Compared to some Ballistic missiles, it has a relatively short range—only between 120km. It has a circular error probable—CEP of between 75 to 95 m. I had no idea what a CEP was when I started researching the Tochka-U, so I had take a dive into that too.

It is quite complicated and featured a lot of complicated sums and equations which went well over my head. It was also difficult to find a dumbed down explanation, and the videos on youtube were basically robotic auto-voiceovers repeating what was on Wikipedia.

But it can basically be summed up as the radius of a circle where the probability of an impact point being inside is 50 percent of the rounds. So, a missile with 100m CEP—when 100 munitions are fired at the same point, 50 will fall within a circle of 100 m around their impact point.

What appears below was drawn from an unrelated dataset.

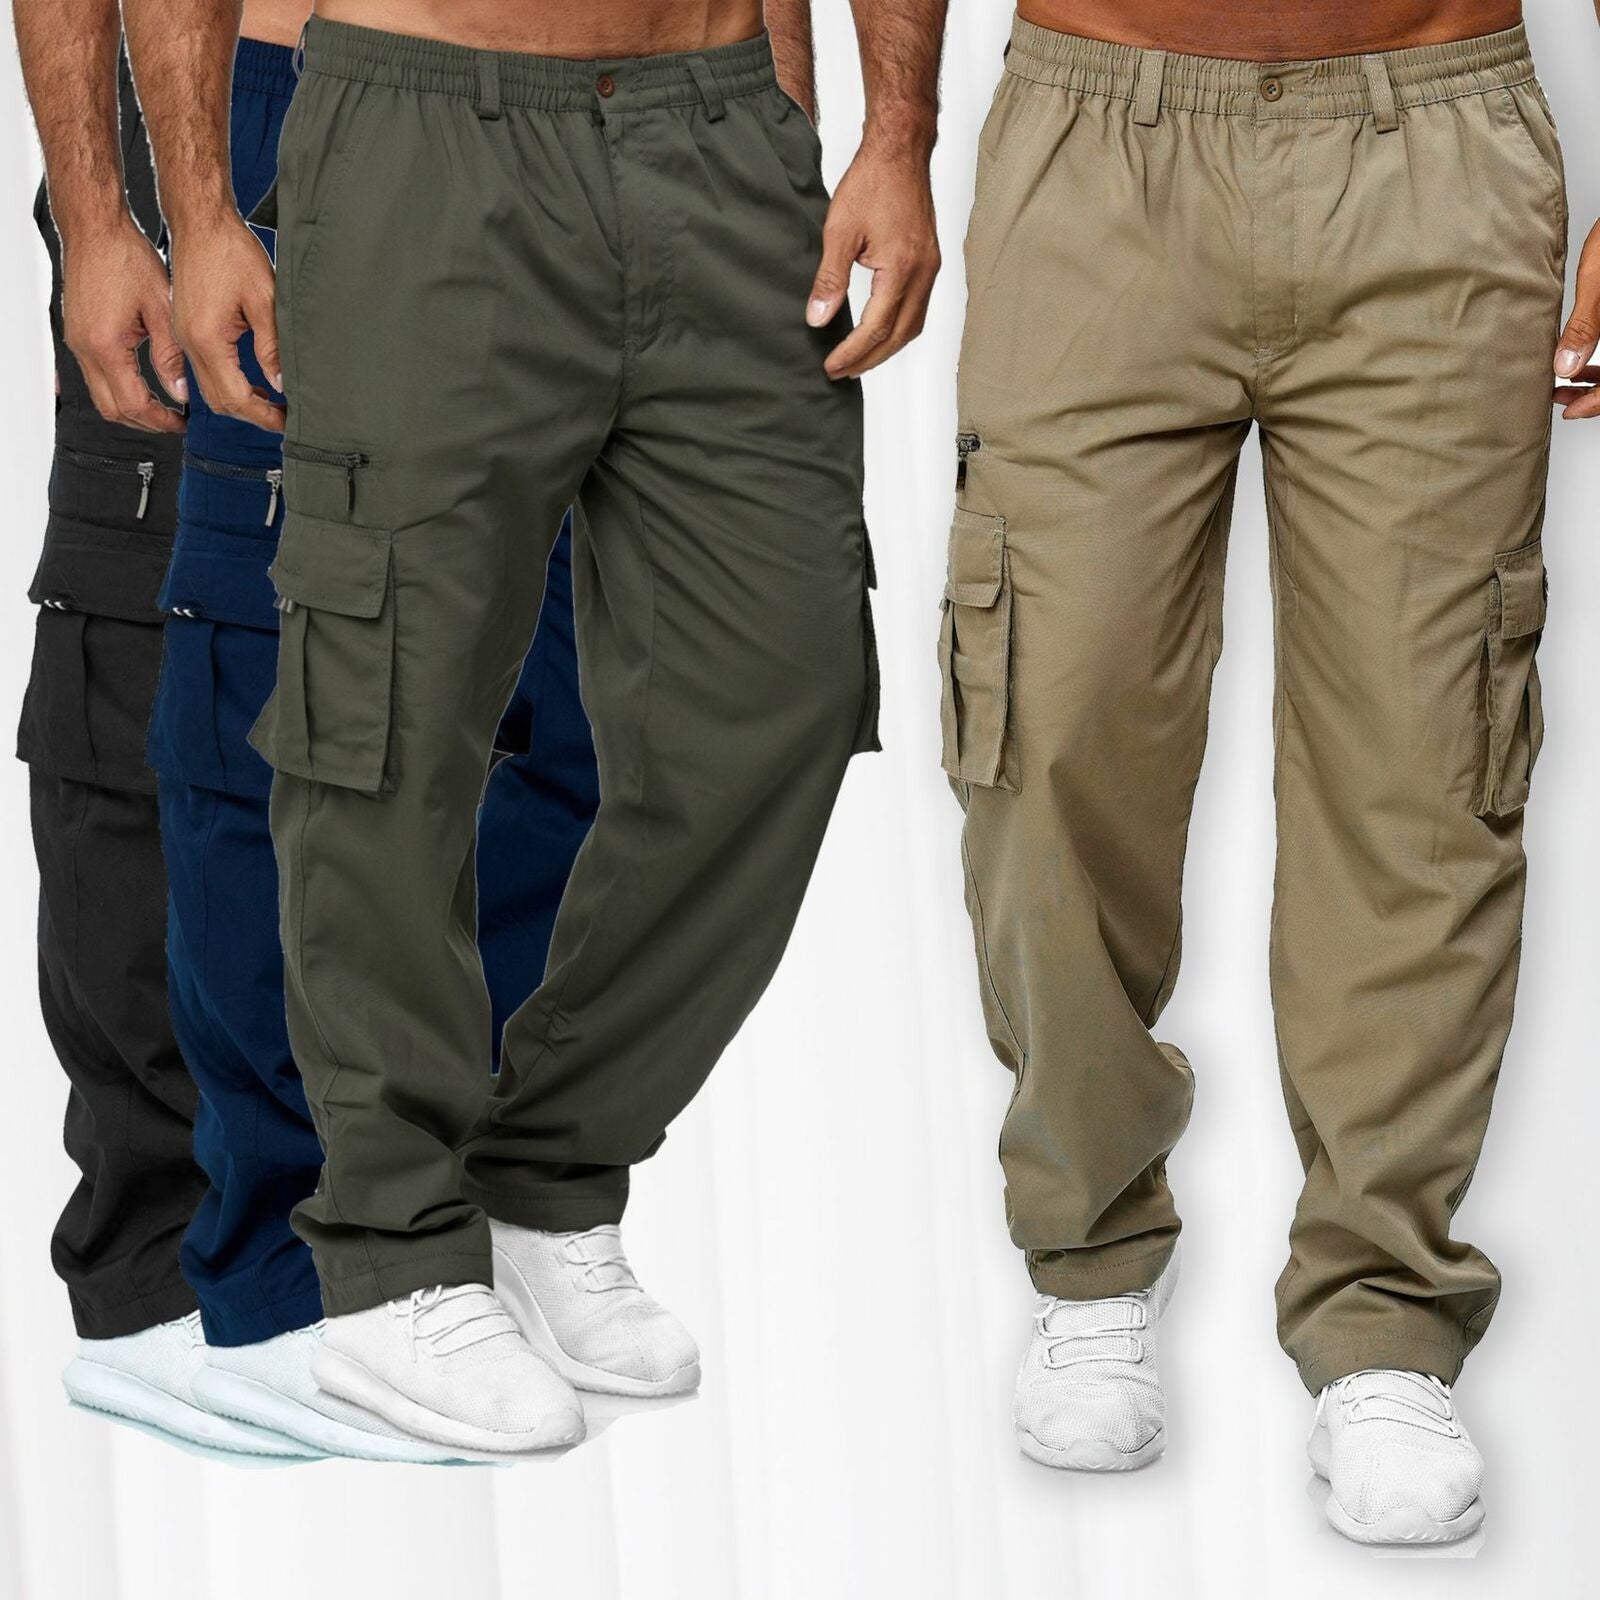 Casual Pockets Men's Outdoor Pants-Pants-Khaki-S-Free Shipping Leatheretro

For example. If our CEP is, say, 1,000 meters (1 km), then we can say that if we aim our missile at a given target, there is a 50% chance that the missile will fall within 1,000 meters of it.

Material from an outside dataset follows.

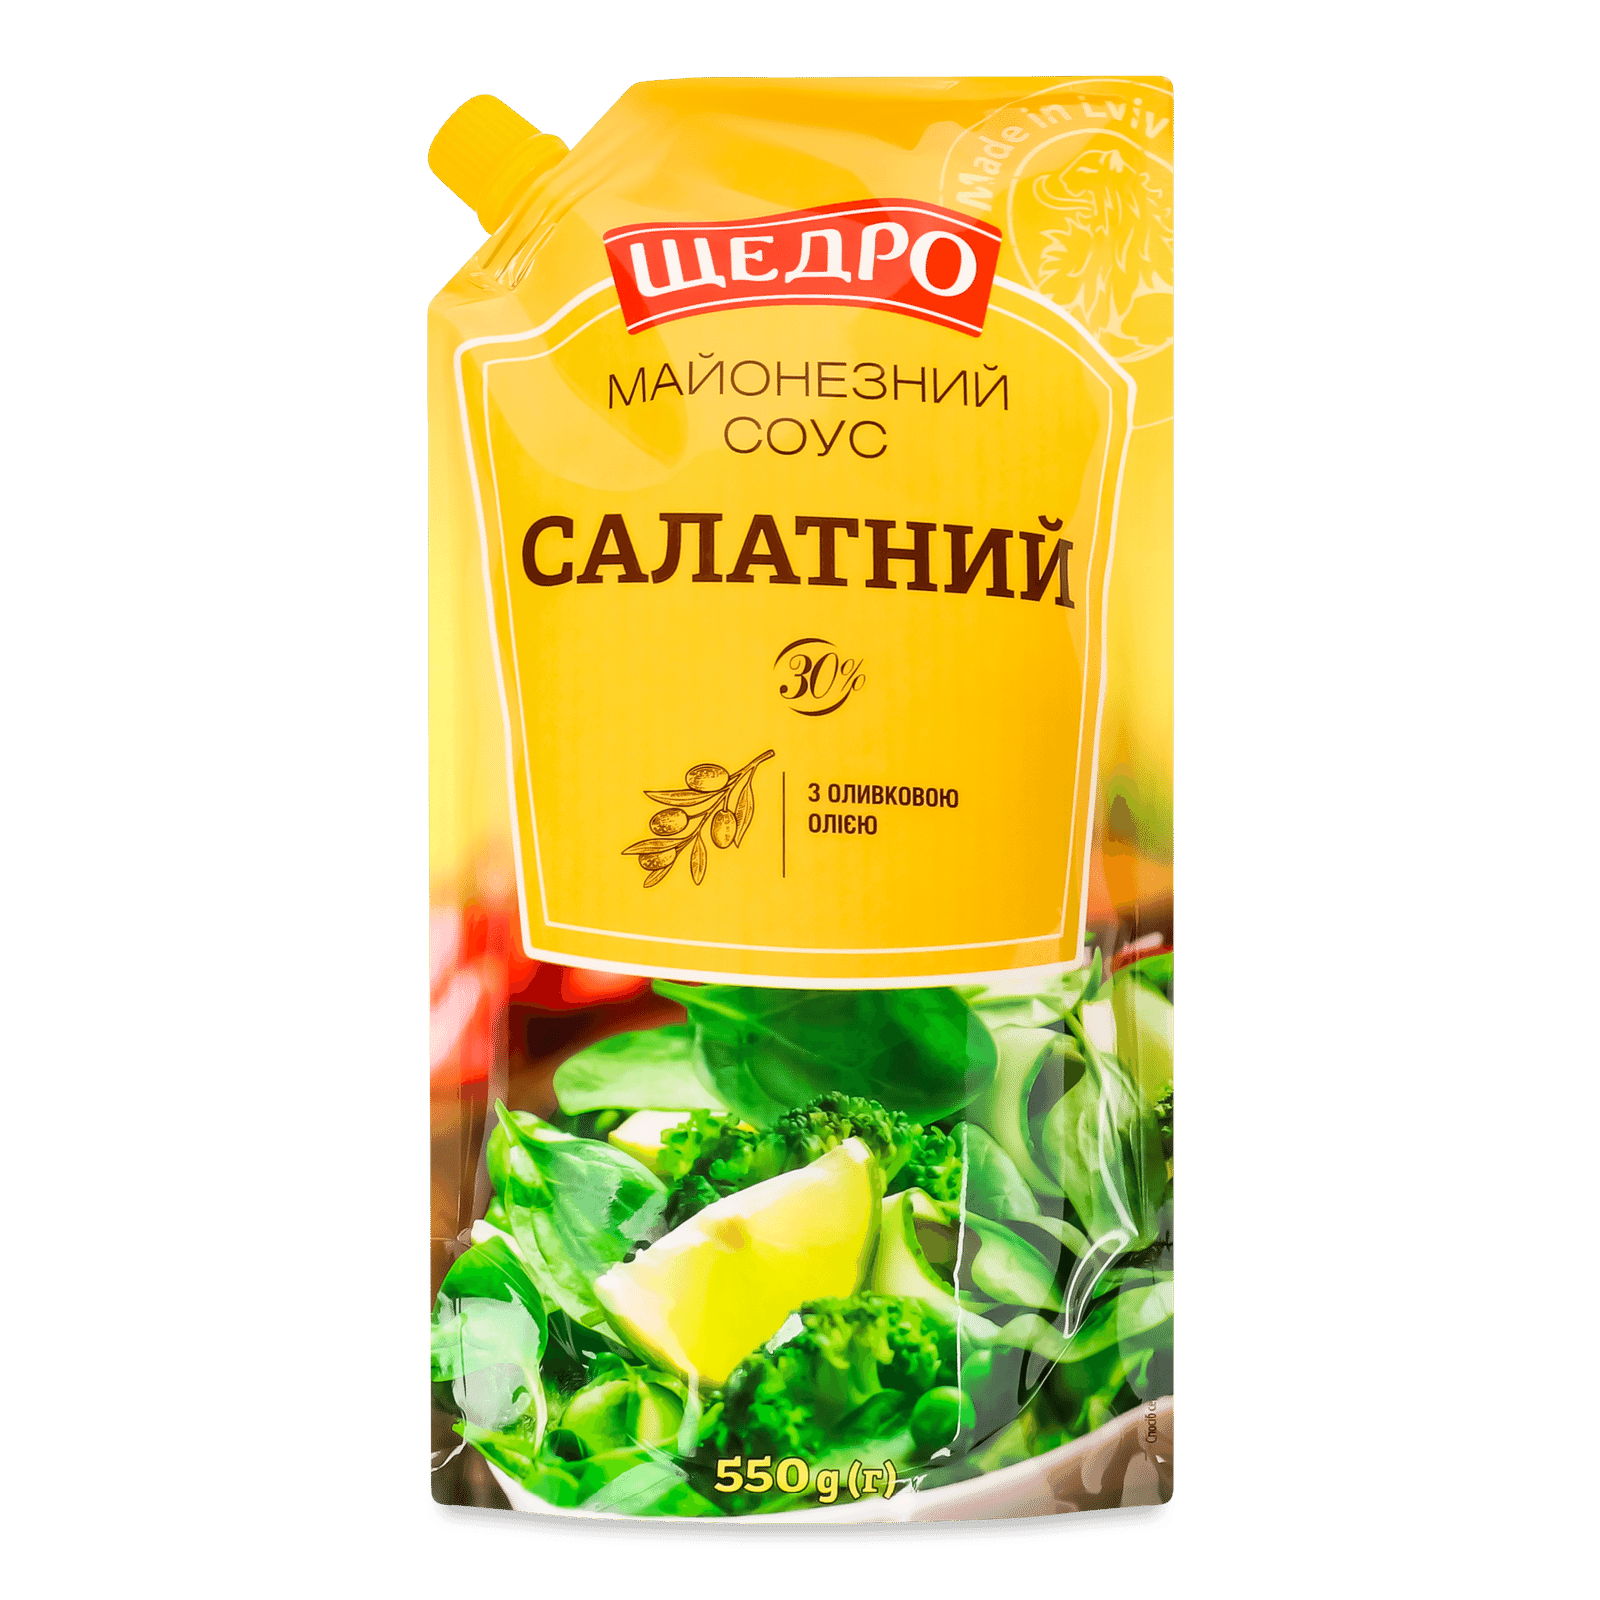 Соус «Щедро» салатний майонезний 30% - 1

So, with the Tochka-U and its CEP of 75 to 95 meters—there’s a 50 percent chance that the missile will hit within that range.

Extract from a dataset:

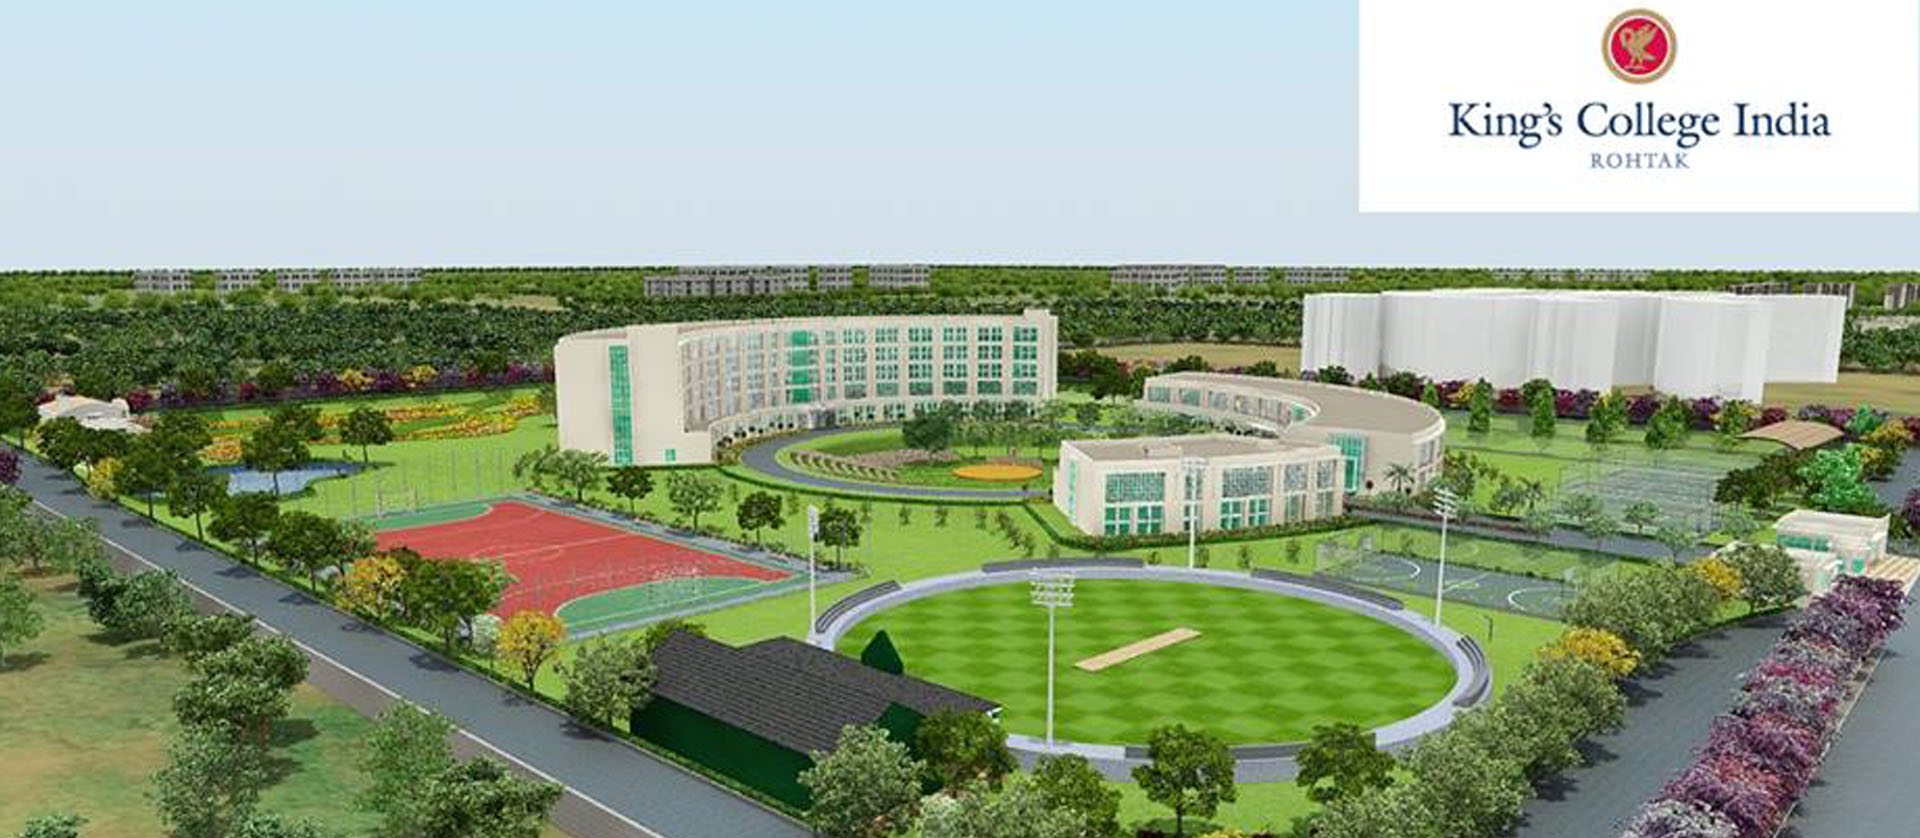 King’s College (Global Residential School): Rohtak, Haryana

So, basically, the lower CEP a missile or weapon has, the more accurate it is. This little diagram here visualizes it for the Excalibur guided shell. The M549A1 shell and the M107 at various ranges.

So, is 150m good? For this, I checked other ballistic missiles to compare to. So, Tochka U has a CEP of 75 to 95 M.
The Scud missile has a CEP of a whopping 1km at 300 km range.

The predecessor of the Tochka—the Luna M, had a CEP of 400 meters.
The newer Iskander has a CEP of 5-7 meters with optical homing and 30-70 in autonomous use.
The OTR-23 Oka has a CEP of 30-150 meters
RS-25 – 150-200 meters

And a US example—Trident II has a CEP of 90 meters and Minuteman III has a CEP of 200 meters with its original guidance system and 120 meters with it’s improved one.

So the Tochka-U is quite accurate. This was demonstrated in the missile attack on Millerovo, which struck its target. The Tochka-U uses inertial guidance, which is why its CEP is lower than the original Tochka.

The Tochka-U is road launched, the missile being carried and launched from a BAZ-5921 TEL launcher. In the Tochka-U variant, the TEL vehicle is amphibious. The TEL launcher has a road speed of 60 kilometers an hour. The vehicle has a crew of three and carries a single missile.

The TEL vehicle can be ready for launch in just 16 minutes, launch a missile in 2 minutes and be reloaded in 20 minutes. So it is quite a fast system.

The missile itself is carried inside the vehicle. To prepare for launch, roof doors are opened before the missile is raised to its firing angle of 78 degrees. This process takes just 15 seconds.

The Tochka system is designed to target critical tactics and carry out tactical strikes—missile launch positions, airfields, command posts, artillery batteries—that sort of thing.

So, let’s take a look at the technical details of the missile itself. Tochka-U—or the 9M79-1 missile, has wings located slightly forward than the original design. It has a length of 6.4 meters and a launch weight of 2,010 kg.

Once fired, the missile can travel at 1.8 km a second—or Mach 5.3.

So, let’s have a look at some examples of its use by. On 24th February, two Tochka-Us hit Russia’s Millerovo air base, destroying at least one Su-30SM. On 24th March—the large, Alligator-class landing ship Saratov was destroyed—likely by a Tochka-U missile. So it has proven its worth.

So, why haven’t more attacks by the Tochka-U been used on Russian targets. Well, the simple answer is the range. I have used two large Ukrainian cities close to the border as possible firing points---the missiles range will of course be a bit longer or a bit shorter and vary depending on just where the missiles are located and fired from. But for the sake of the video, I am using Kharkiv and Sumy as examples.